The story so far: Reports of Twitter cutting half of its staff globally, and almost all in India, a week after Elon Musk took the reins of the micro-blogging platform may have overshadowed a much gloomier tech talent landscape. Several large technology firms have already paused hiring and, in some cases, companies are laying off employees as macroeconomic headwinds and tight business budgets are making them restructure their business processes and talent needs. Earlier this month, Amazon said it was pausing hiring in its corporate function.
Why are companies laying off employees?
Apple’s CEO Tim Cook recently told investors that the company would “continue to hire people and invest in areas, but we are being more deliberate in doing so.” A new report by Business Insider said that the iPhone maker is freezing hiring for the next two quarters.
Despite the U.S. government’s support through the CHIPS Act to the semiconductor industry, Intel has decided to lay off employees in certain divisions. The chip maker, as part of its Q3 earnings, announced plans to cut about $3 billion in costs over the course of next year.
Social AR firm Snap Inc. is planning to cut a fifth of staff. In August, CEO Evan Spiegel told employees in a memo that the company would cut its workforce by over 1,000 workers. He cited bleak revenue projections and noted that a restructuring was needed for long-term success in a tight environment.
On Wednesday, Facebook’s parent company said it is laying off 11,000 employees. Just a year ago, after CEO Mark Zuckerberg renamed the company as Meta Platforms and took a plunge into the amorphous metaverse, the company made elaborate plans to hire 10,000 employees over five years in the European Union (EU) region. That plan seems to be put on the back-burner now as it prepares to cut discretionary spending and extend a hiring freeze for the next several months.

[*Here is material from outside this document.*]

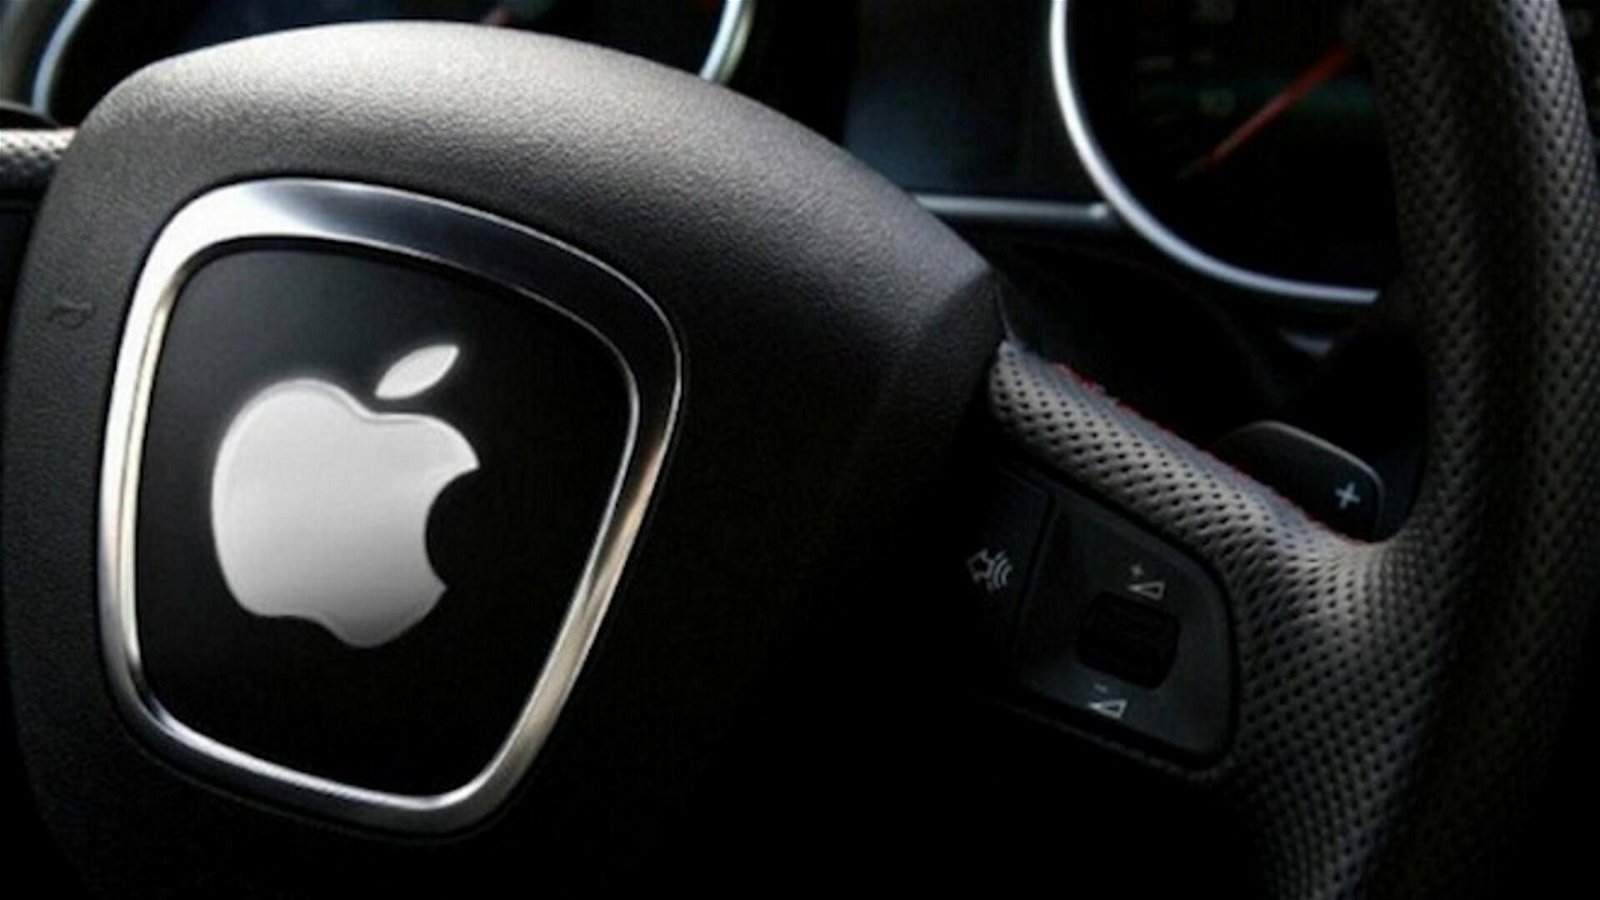 Immagine di Apple iCar, la guida autonoma potrebbe arrivare nel 2025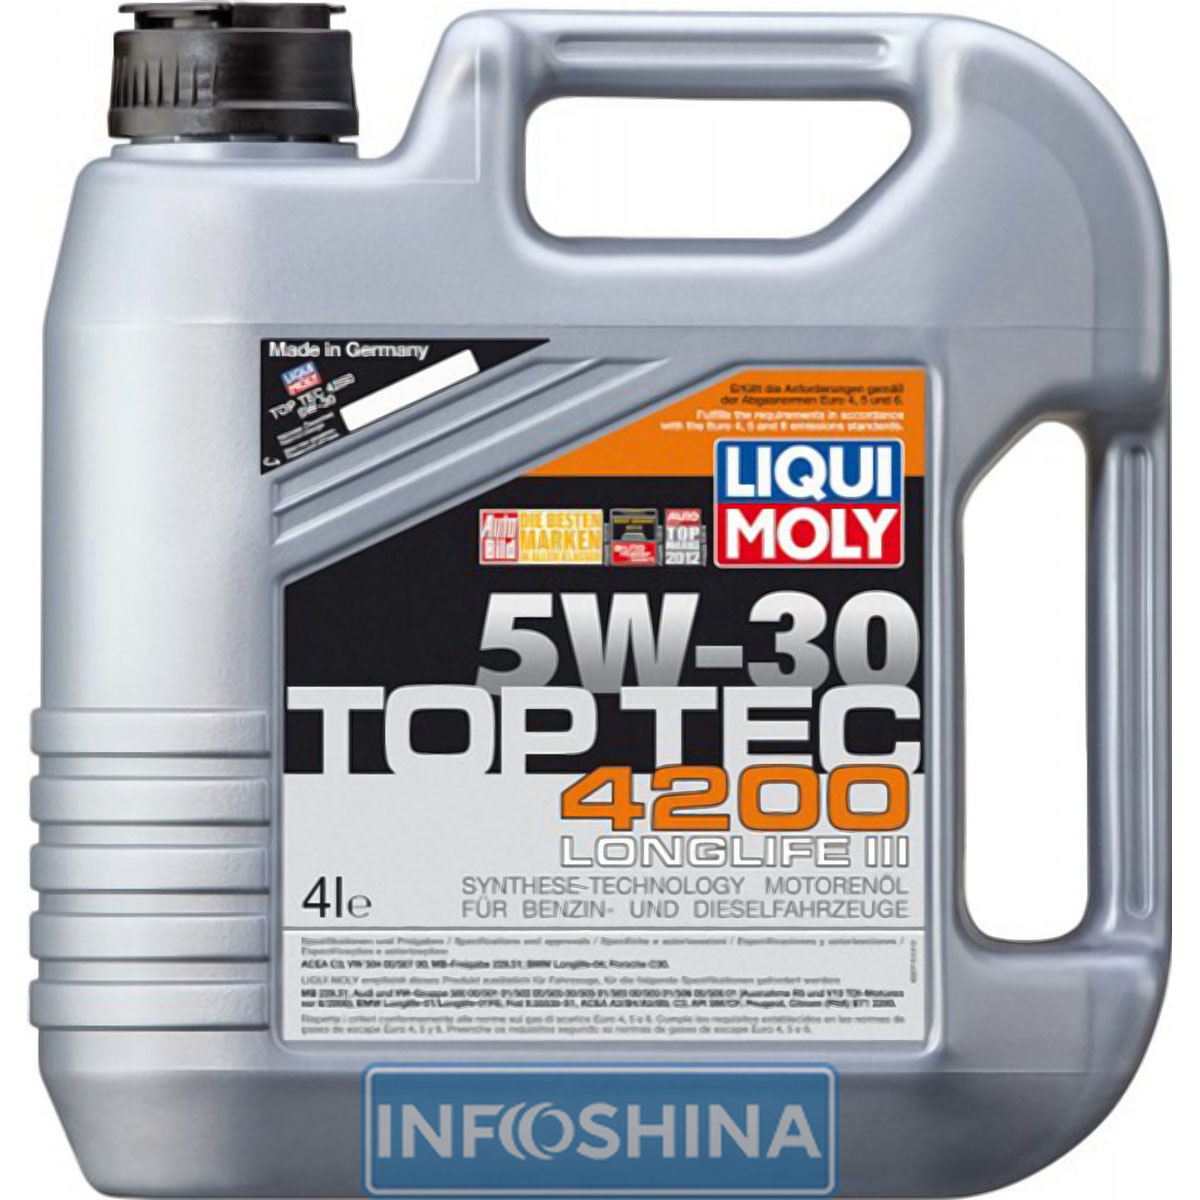 Купить масло Liqui Moly Top Tec 4200 5W-30 (4л)

Is Apple behind tech companies’ decision to lay off employees?
Social media platforms like Meta and Snap have been hit by an update from Apple. The iPhone maker introduced an app tracking feature that lets users to opt out of apps that track them.
Facebook and Snap get a large proportion of their revenue from selling space for ads. And to make their platforms effective in placing relevant ads, they must collect and analyse user data. But Apple’s new feature has made it difficult for these firms to push targeted ads. According to some estimates, Facebook lost about $12 billion as a result of Apple’s app tracking feature.
What are the primary reasons?
In the case of chip makers like Intel and Qualcomm, the challenge comes from drop in sales of laptops and mobile devices. In its earnings call last week, Qualcomm cited the “rapid deterioration in demand and easing of supply constraints across the semiconductor industry have resulted in elevated channel inventory.”
For smartphone companies that typically end the year on a high note, the chip firm’s gloomy outlook is a cause for concern as Qualcomm does not expect the market to recover soon.
Higher inventory for chip makers, lower demand for handset manufacturers, loss in revenue from selling ad spaces for social platforms, and uncertain long-term bets like the metaverse have played a significant role in making large tech firms restructure their business practices. This has made them pause hiring in some cases, and in others swing the axe on talent.